The American Academy of Nursing just held a news briefing on nurse-managed care and health centers as solutions for our ailing health care system. Former Health and Human Services (HHS) secretary and now president of University of Miami, Donna Shalala; Pennsylvania Governor Ed Rendell; Tine Hansen, CEO of the National Consortium of Nursing Centers and executive director of the Convenient Care Association; and Susan Sherman, president of the Independence Foundation, sent a coherent message: nurse practitioners (NPs) have developed an infrastructure of health centers and convenient care clinics (such as MinuteClinics) that can help our nation reform a health care delivery system that is currently unable to meet the primary health care needs of its people.

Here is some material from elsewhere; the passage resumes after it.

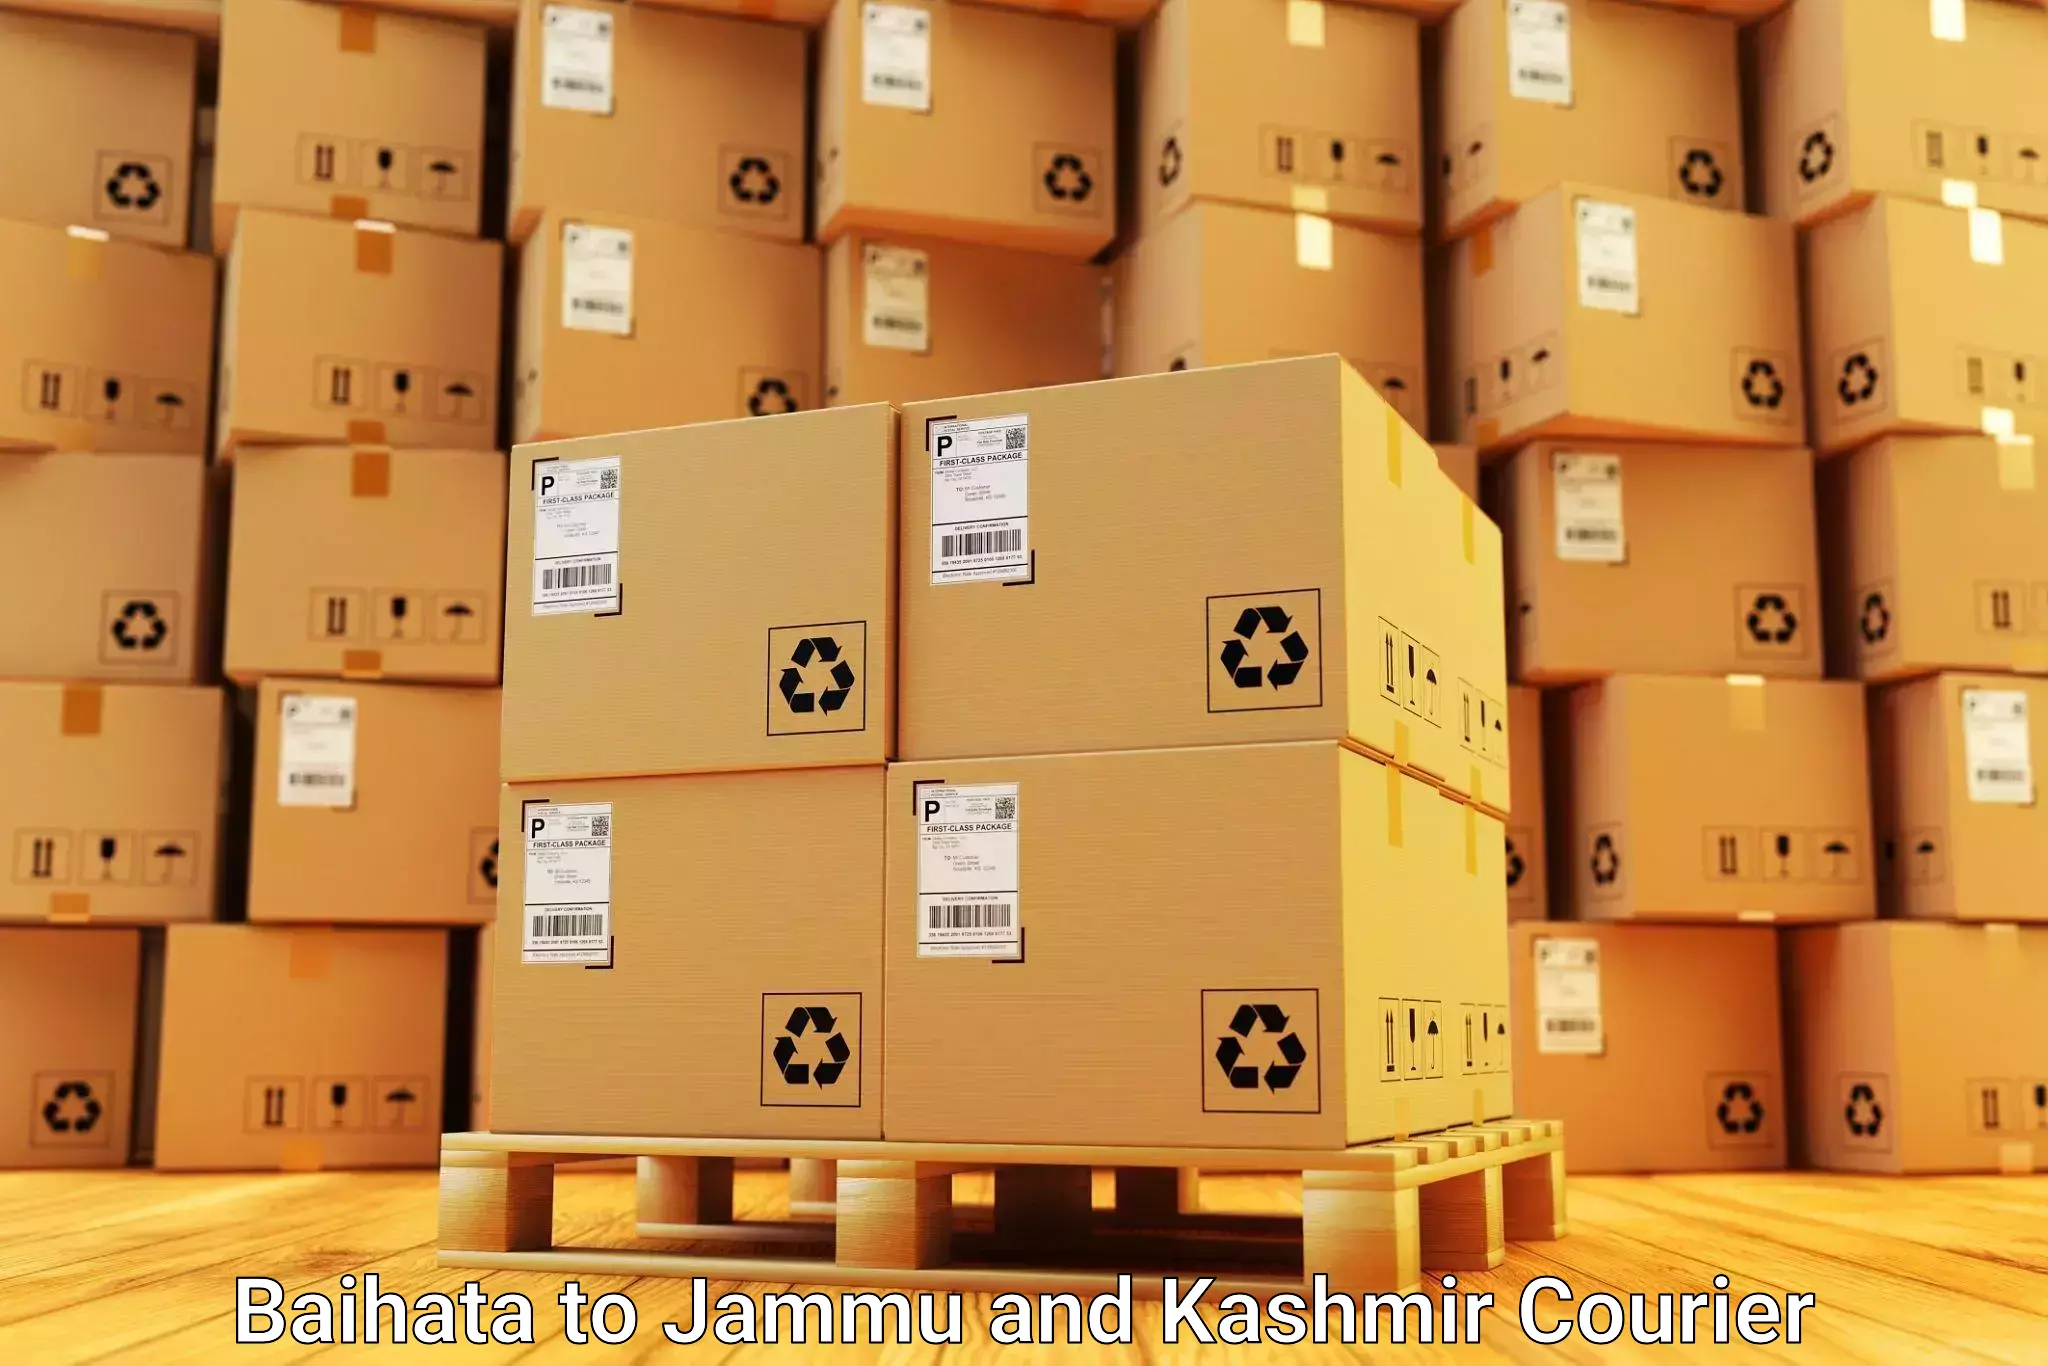 Full-service movers in Baihata to Jammu and Kashmir

The point was made that there are excellent clinical and financial outcomes for these centers and NP care, leading Shalala and Rendell to say, “No more demonstrations!” In other words, these practices are tested and ready to be scaled up and sustained.
Shalala noted, “NPs are going to be key to health care reform and must be at the health care reform tables. Nurses are part of the solution. It’s a solution in plain sight.”
Tine Hansen and Governor Rendell spoke about the barriers and how to overcome them, with Governor Rendell pointing out that “it took 49 regulatory and statutory changes to remove the barriers to NP care in Pennsylvania.”
As I noted here earlier this week, the new HHS Secretary Kathleen Sebelius recently said that “to make health reform a reality, we need nurses at the forefront of the effort.” May the Obama administration take the abundant opportunities that already exist to make such statements more than just rhetoric.